Posted on October 04, 2021
Medically reviewed by
Mark Levin, M.D.
Article written by
Alicia Adams

Back pain is a common and challenging symptom of myeloma and is often one of the first symptoms that people notice before being diagnosed. More than 1,200 members of MyMyelomaTeam report back pain as a top symptom.

What Does Back Pain in Myeloma Feel Like?

People experience back pain from myeloma in a variety of ways. Oftentimes, they report the pain feeling like a persistent ache. MyMyelomaTeam members describe their back pain in their own words:

  • “After stifling a sneeze, I felt something painful give in my back.”
  • “I had four months of back pain.”
  • “I thought I pulled something in my back.”
  • “I had chronic lower back pain.”
  • “I had been having pain in my spine, especially the lower lumbar region.”
  • “I had been experiencing increasingly painful lower back pain.”

Sometimes, myeloma can cause vertebral compression fractures (broken bones in the spine).

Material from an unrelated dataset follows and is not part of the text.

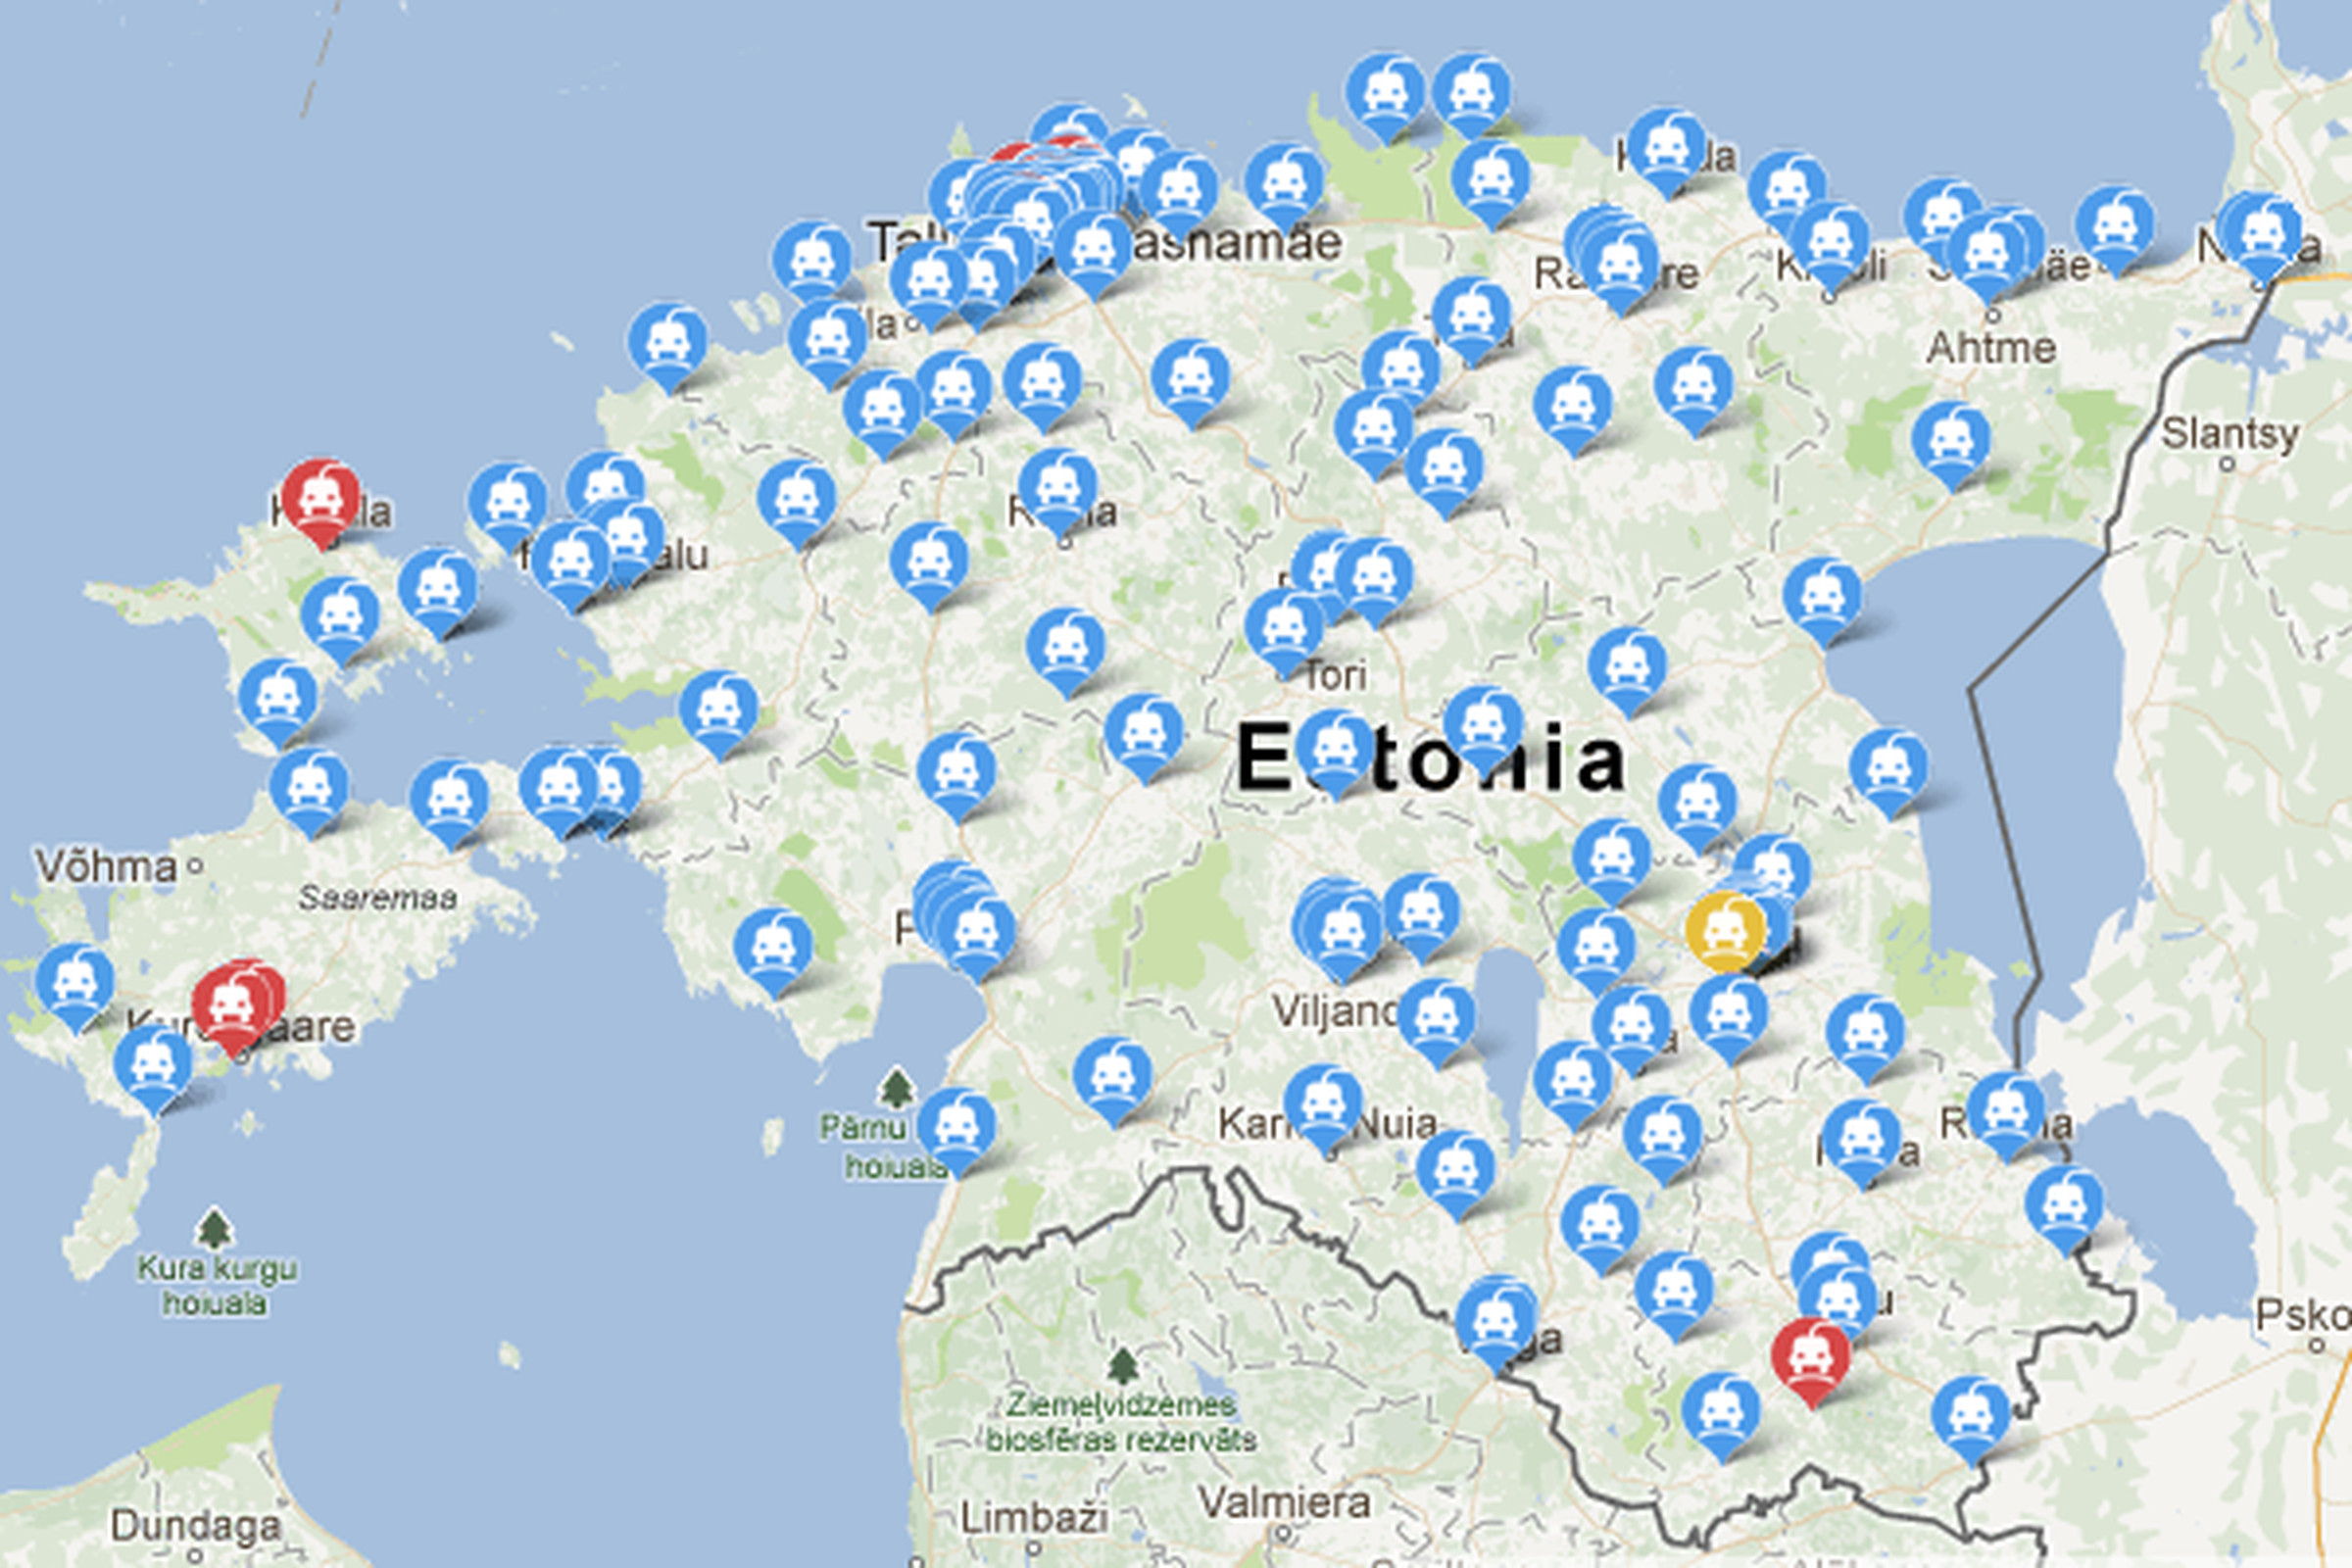 Estonia EV network

This can cause people to experience sudden, sharp pain in their back.

How Does Back Pain Affect MyMyelomaTeam Members?

Experiencing ongoing back pain can affect your quality of life. Members of MyMyelomaTeam have reported disruptions in their daily lives due to back pain, such as not being able to enjoy hobbies. “With my current condition, I am unable to play my musical instruments,” a team member shared.

Back pain can also interfere with daily activity levels. One member wrote of their back pain, “I move slower now.” Another team member with back pain reported, “I’m not as active as I once was.”

Back pain can also make it hard to get enough sleep as well. “I have insomnia and don’t get the proper rejuvenation each night that my body craves,” a MyMyelomaTeam member wrote of their back pain. Other members report a feeling of ongoing tiredness they relate to back pain. “I find myself so tired that I am napping most afternoons.”

What Causes Back Pain in Myeloma?

Myeloma itself, some myeloma treatments, and conditions related to myeloma can all contribute to back pain.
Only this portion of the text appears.